Nine out of ten HPV related cancers were cervical cancers in India (Supplementary Table 1). Papumpare district and Aizawl district in north eastern India reported the highest AAR of 27.7 and 27.4 per 100,000 women and lowest AAR (4.8 per 100,000) in Dibrugarh district, Assam (Figure 1a). Significant decrease in incidence rate was observed in 10 out of 16 PBCRs, with highest decrease (APC: −5.7) in Imphal West District, Manipur and no change in Kamrup urban, Assam (APC: 0.0) (Figure 2). Majority (62.2%) of the cervical cancers were presented with locoregional extent of cancer at the time of diagnosis (Figure 3). The most common mode of treatment was combination of radiotherapy and chemotherapy for all stages of cancer (Figure 4). Majority of the cervical cancers were squamous cell carcinomas (89.5%), followed by adenocarcinoma (6.6%) (Supplementary Table 2a).

Oropharyngeal cancer

Oropharyngeal cancer was the most common among HPV related cancers in males (63.2%). Among females, they constituted 3.6% to HPV related cancers in India (Supplementary Table 1). East Khasi Hills district PBCR in Meghalaya reported the highest AAR (11.4 per 100,000), followed by Kamrup Urban PBCR (8.9 per 100,000) among males, whereas Papumpare district in Arunachal Pradesh (AAR: 3.6 per 100,000) and Kamrup Urban, Assam (AAR: 3.5 per 100,000) PBCRs had the highest incidence among females. The lowest incidence was observed in Barshi rural PBCR in Maharashtra among males (AAR: 0.3 per 100,000) and in Pasighat among females (AAR: <0.1 per 100,000) (Figure 1b and c). More than two-thirds of the patients were presented with locoregional spread of cancer at time of diagnosis (Figure 3). Two out of ten oropharyngeal cancer patients were presented at localised stage and majority of them were treated either with radiotherapy only or with combination of radiotherapy and chemotherapy (Figure 4). Most (86.3%) of the oropharyngeal cancers were squamous cell carcinomas (Supplementary Table 2b).

Other HPV related cancers

One out of four HPV related cancers among males in India was penile cancers. Among females, the sites oropharynx, anus & anal canal, vulva and vagina together constituted 12.4% of HPV related cancers (Supplementary Table 1).

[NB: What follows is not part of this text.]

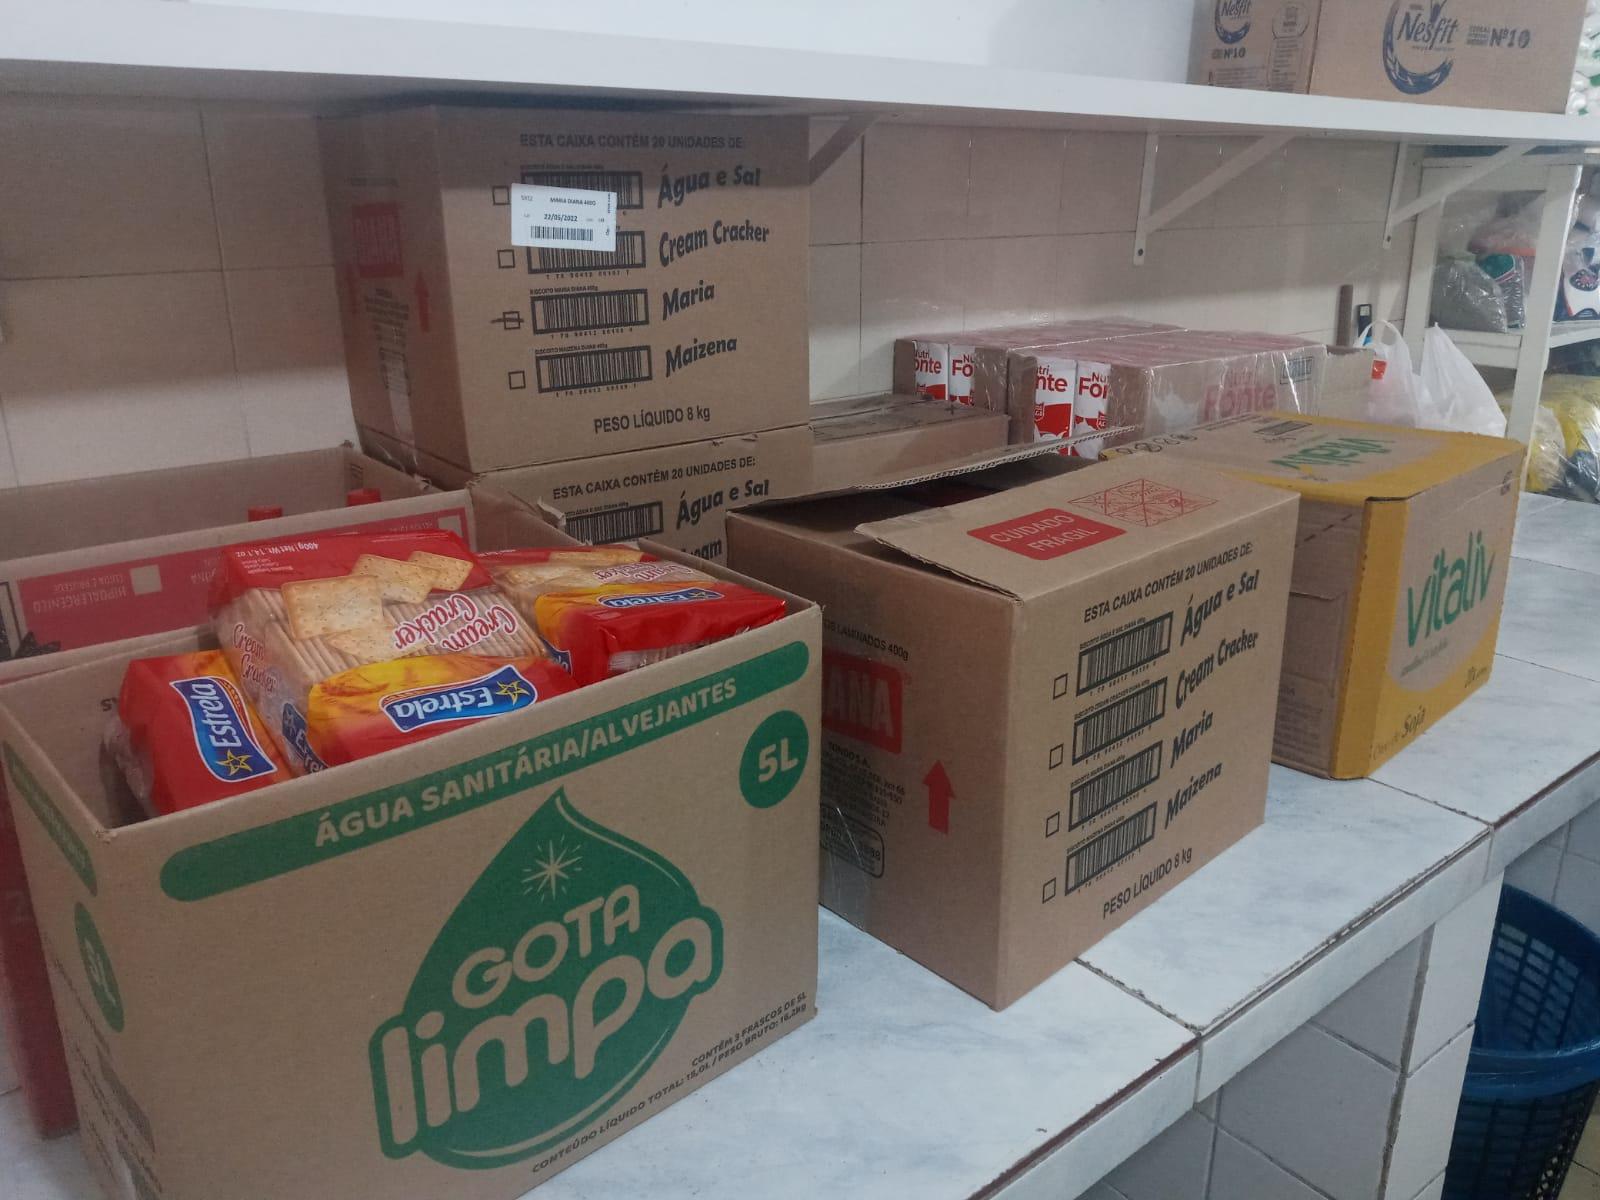 Solidariedade em Pauta: Ação Concreta da Semana Franciscana atinge centenas de doações

Projection of HPV related cancer incidence for 2025

The projected number of incident HPV related cancers is 121,302 in 2025, contributing 7.7% (males: 3.3% and females: 12.0%) to total cancer cases in India. The leading HPV related sites would be oropharynx (60.6%), followed by penis (26.3%) among males and cervix uteri (88.4%) among females. The remaining sites, namely, anus & anal canal, vulva and vagina together would constitute 11%–13% of total HPV related cancers (Table 2).


Discussion

This comprehensive study provides the incidence rates, cumulative risk, clinical extent of disease, treatment modality, histological classification of HPV related cancers in India from a large network of cancer registries. The study showed that cervical and oropharyngeal cancers were the most common HPV related cancers among females and males, respectively, in India. These cancers together contributed around 85.0% of total HPV related cancers.

Table 1. Incidence of HPV related cancers registered in PBCRs under NCRP in 2012–2016.

Figure 1. Age adjusted incidence rates in 28 PBCRs under NCRP. (a): Cervical cancer (C53), (b): Oropharyngeal cancer (C09-10) - males and (c): Oropharyngeal cancer (C09-10) – females.

Figure 2. Annual Percent Change (APC) in age adjusted incidence rates (AARs) over the time period for cervical cancer (C53).

Figure 3. Proportion of patients according to the clinical extent of cancer for cervical (C53) and oropharyngeal cancer (C09-10) by gender reported in 96 HBCRs.

Cervical cancer incidence was higher among PBCRs in north eastern region of India. However, its incidence rate showed a decreasing trend among most of the PBCRs over time [17]. The study found that most of the cervical cancers were diagnosed at locally advanced stage. Late diagnosis of cervical cancers could be attributed to low level of knowledge and awareness on risk factors, screening, as well as poor screening and early detection coverage among Indian women [1820].

A combination of radiotherapy and chemotherapy treatment was advised irrespective of the stage of disease with varied proportions of surgery. The treatment pattern observed in this study aligned with the existing evidence [2123]. A multi-centric cervical cancer study from India showed that 5-year survival was significantly higher with chemoradiation compared to radiotherapy alone in locoregional stage [24]. HPV infection was the main cause for cervical cancers with PAF ranging between 93% and 100% in India [25]. Examination of cervical cancer cases from central India revealed that HPV types 16, 18 and 45 were predominant types [26]. The progression of cervical cancer from initial HPV infection is modified by other factors such as age at menarche, age at marriage, sexual habits, high parity, tobacco use, prolonged use of oral contraceptives and co-infections (particularly Human Immunodeficiency Virus) [27]. Hence, prevention of cervical cancer includes screening, vaccination and behaviour change interventions.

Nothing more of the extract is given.